Pictures are not part of the answer. Write out exactly the lines from the one containing "創業支援NewsLetter 2015.12月号内容" through the end of the material below.

====== Provided data

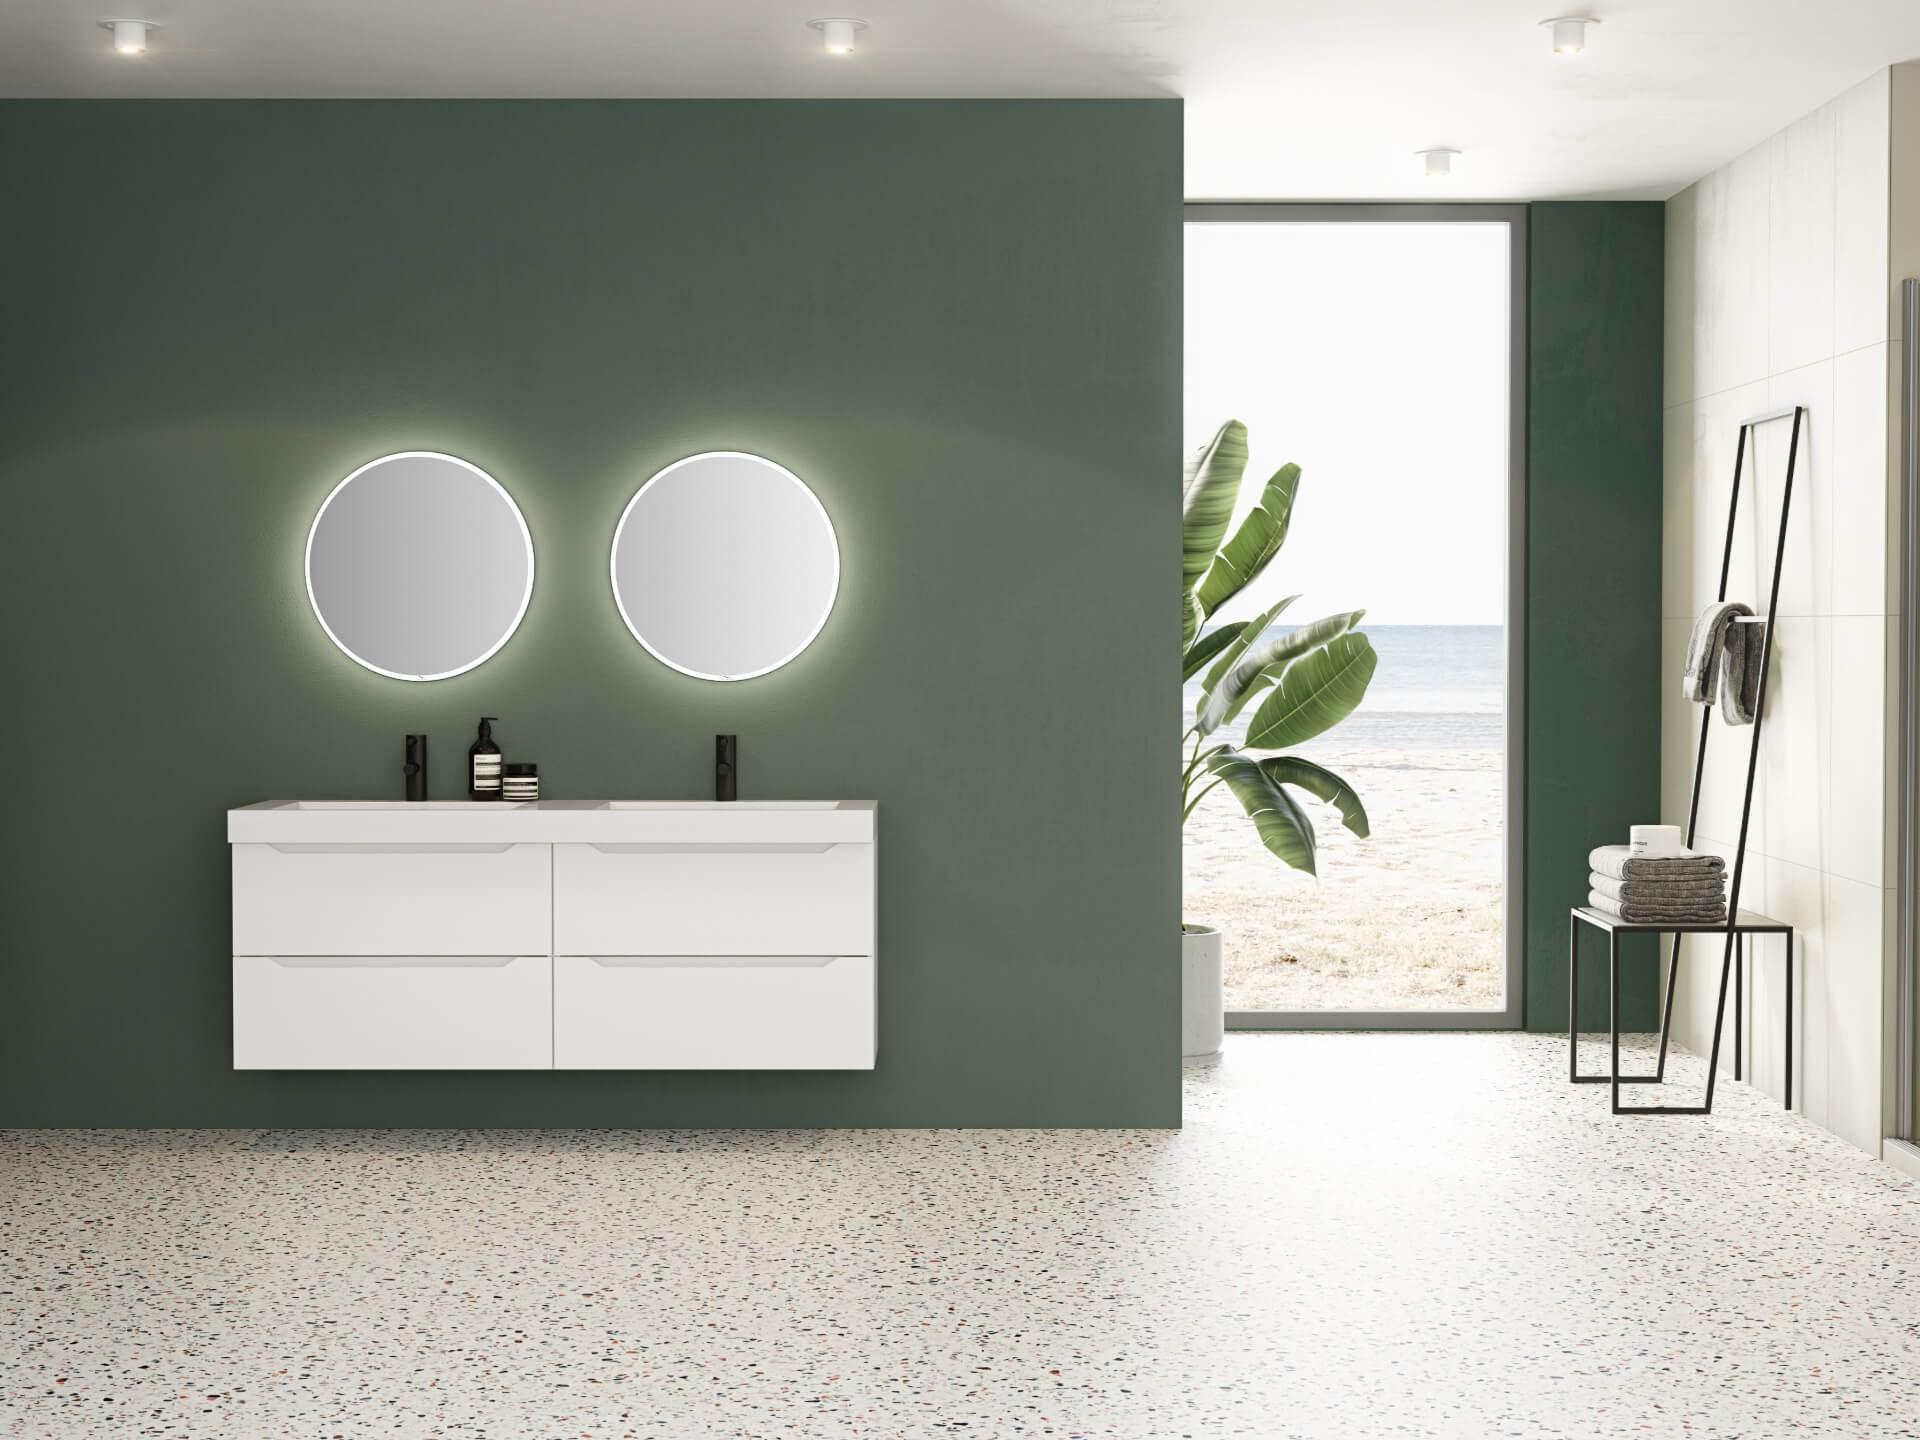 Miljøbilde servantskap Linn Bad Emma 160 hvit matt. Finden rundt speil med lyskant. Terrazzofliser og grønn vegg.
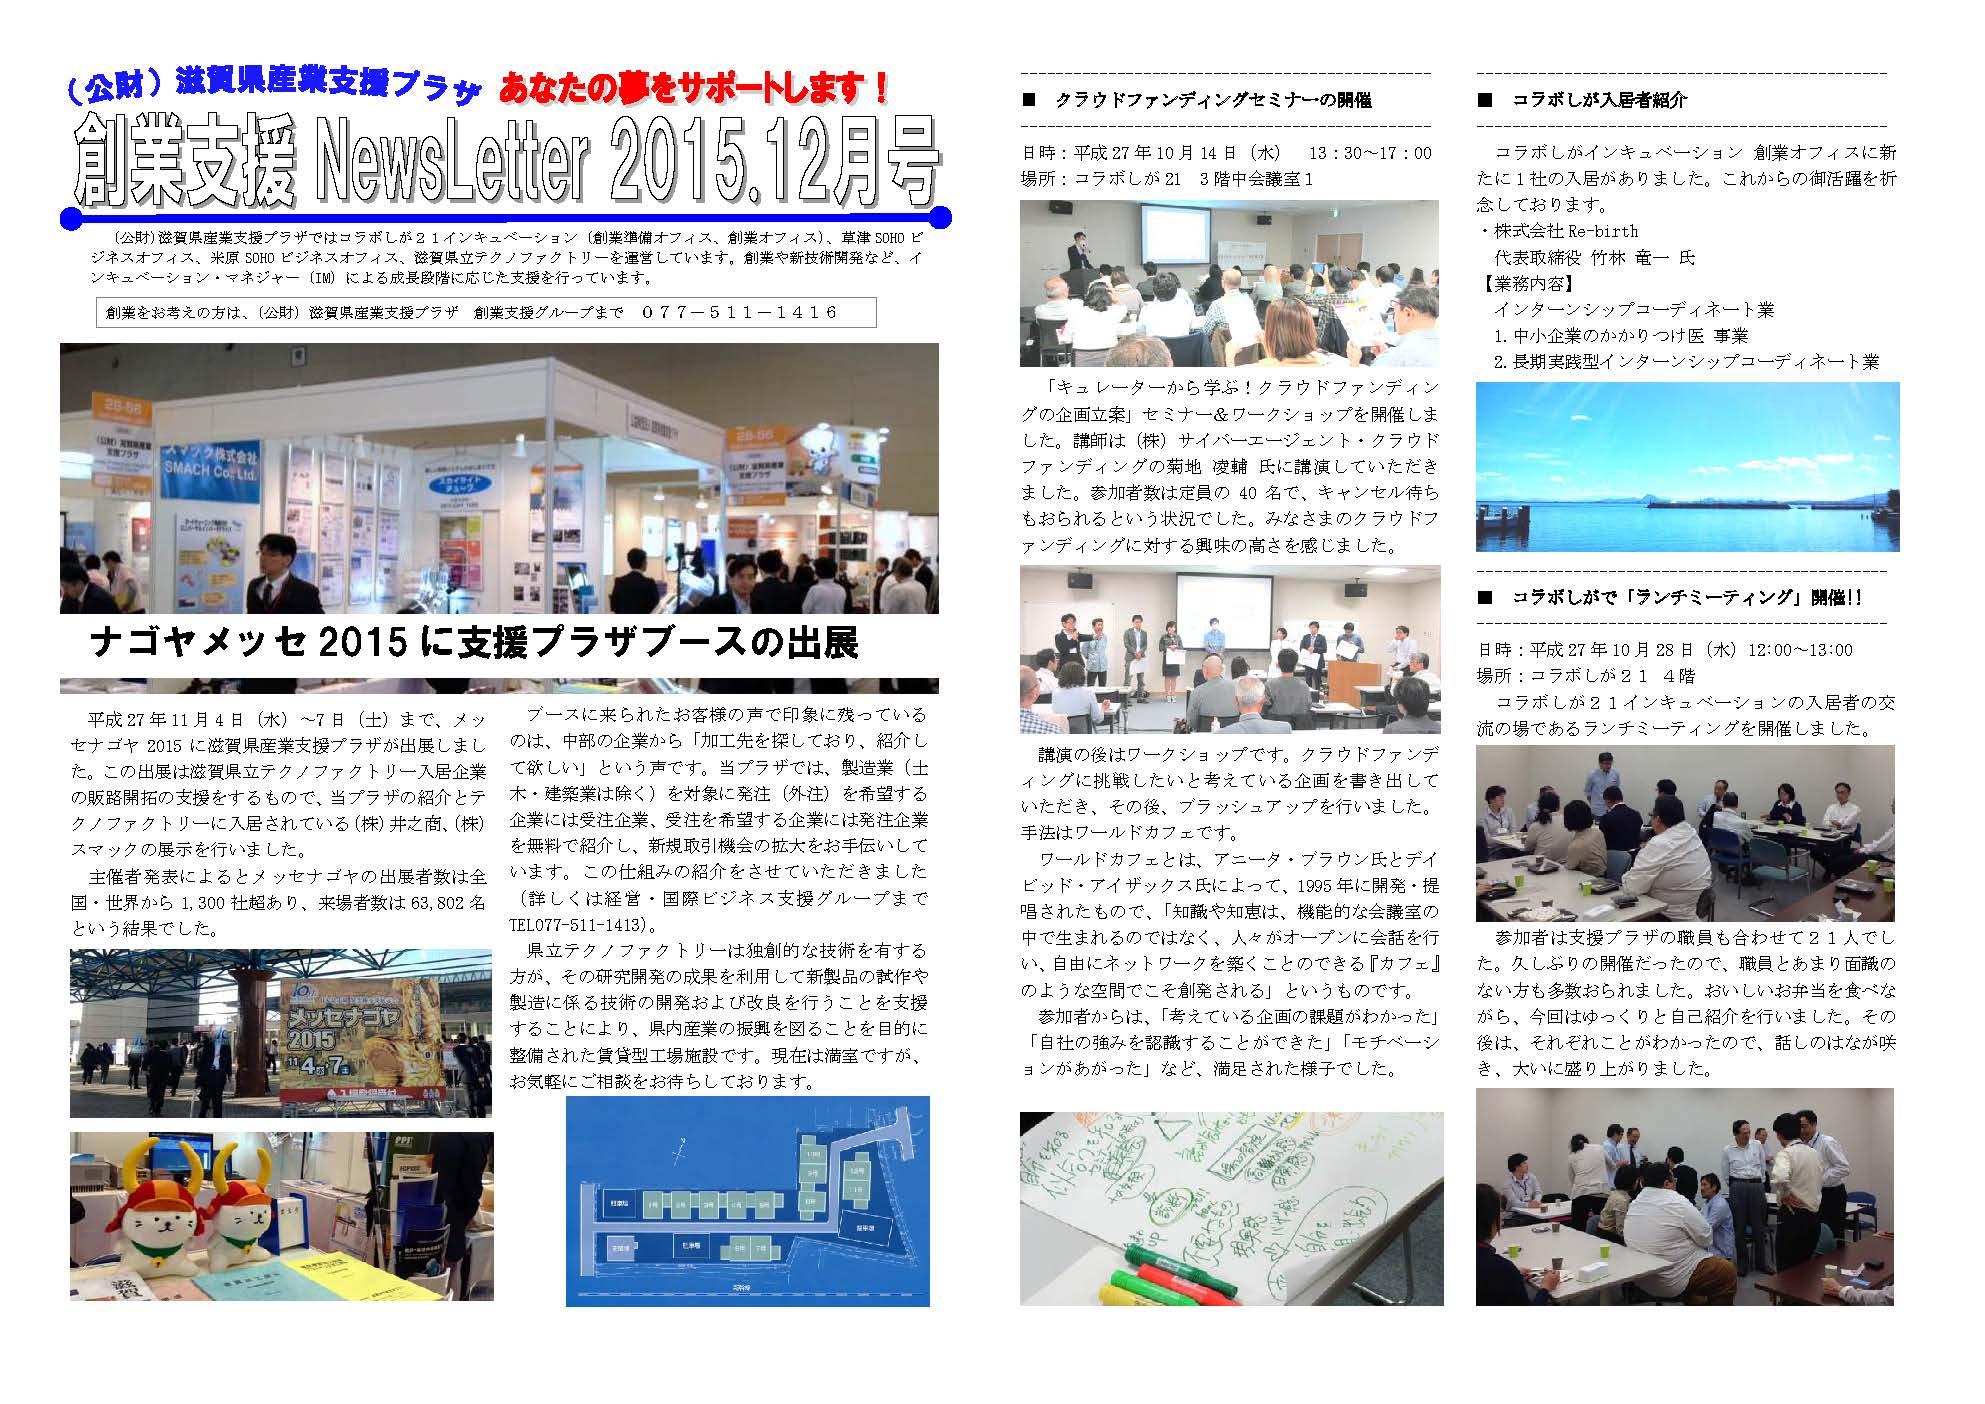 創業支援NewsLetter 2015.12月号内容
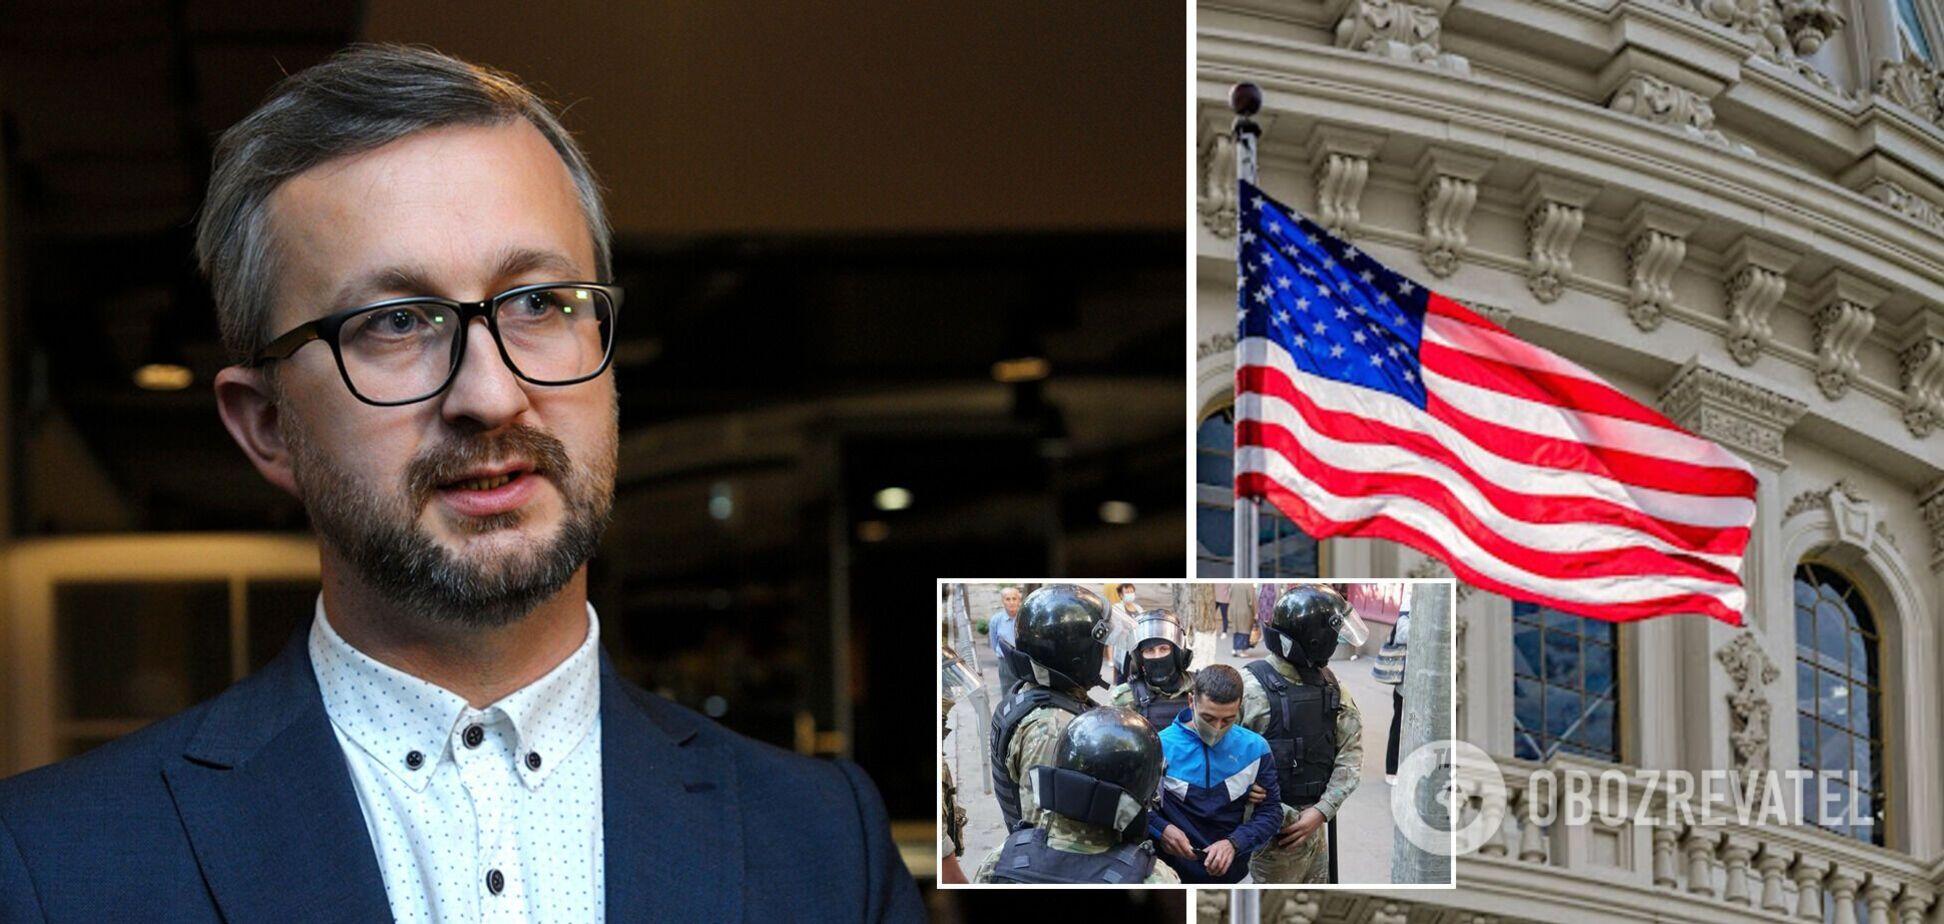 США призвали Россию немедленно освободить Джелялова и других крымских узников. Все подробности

============

§ Response below
 創業支援NewsLetter 2015.12月号内容
 США призвали Россию немедленно освободить Джелялова и других крымских узников. Все подробности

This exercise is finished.